Башня. Истории с затонувшей земли. (Отрывки из романа) - Уве Телькамп
Шрифт:
Интервал:
Закладка:
Город прислушивался. Его стетоскопы, сверхвосприимчивые, впитывали информацию так, будто находились в руках опытных акушерок и были приставлены к животам беременных — слухами беременных — летних дней, которые вразвалочку прогуливались по очень жаркой, уплощенной барочными облаками долине Эльбы и пока не озабочивались тем, что пора бы приискать место, где они разрешатся от бремени.

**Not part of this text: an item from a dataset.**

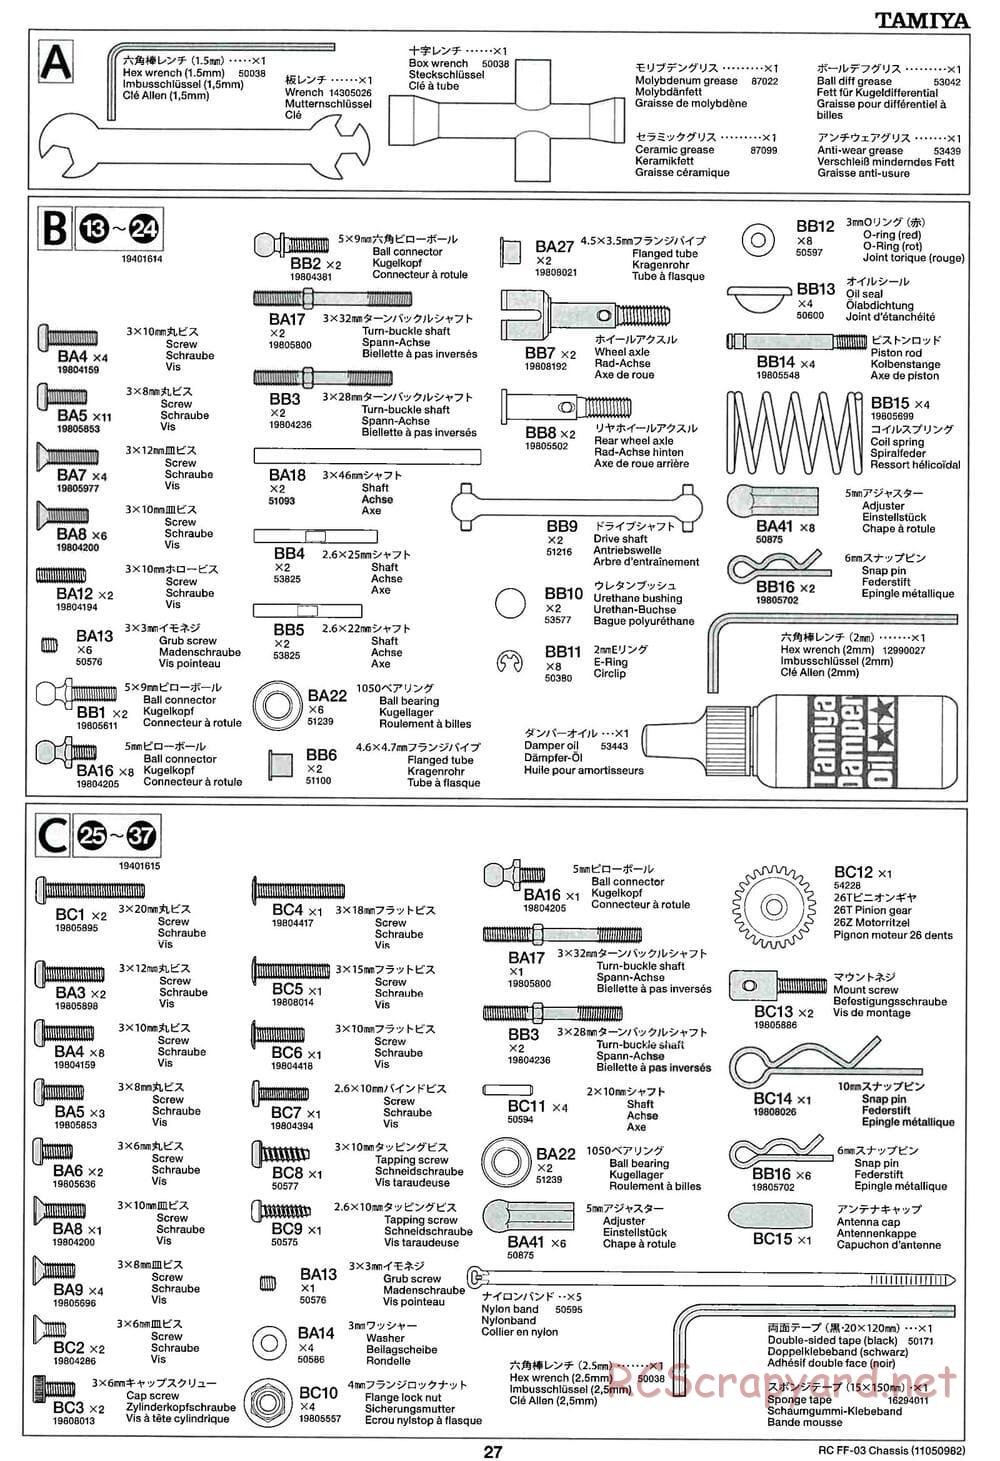 Tamiya - Honda CR-Z - FF-03 Chassis - Manual - Page 27

Стетоскопы прислушивались к Праге, и то, что Либусса{100} рассказывала о событиях в тамошнем западногерманском посольстве, потом гуляло по кварталу, возвращалось таким, что и не узнать, — раздутым; никак не могло угомониться, просачивалось по Буковой тропе на Кёрнерплац, быстро пересекало мост «Голубое чудо»{101} и настигало Мено в «Деликатесах» Фендлера, где он покупал резиновых космонавтов, — как некое предположение; чуть позже настигало еще раз, теперь у Нэтера, к которому у него было поручение от Барбары, — уже как твердая уверенность. Стетоскопы прислушивались к Восточному Риму, где улыбались садовые карлики, а деревянные почтовые ящики в форме часов с кукушкой постоянно ломились от корреспонденции.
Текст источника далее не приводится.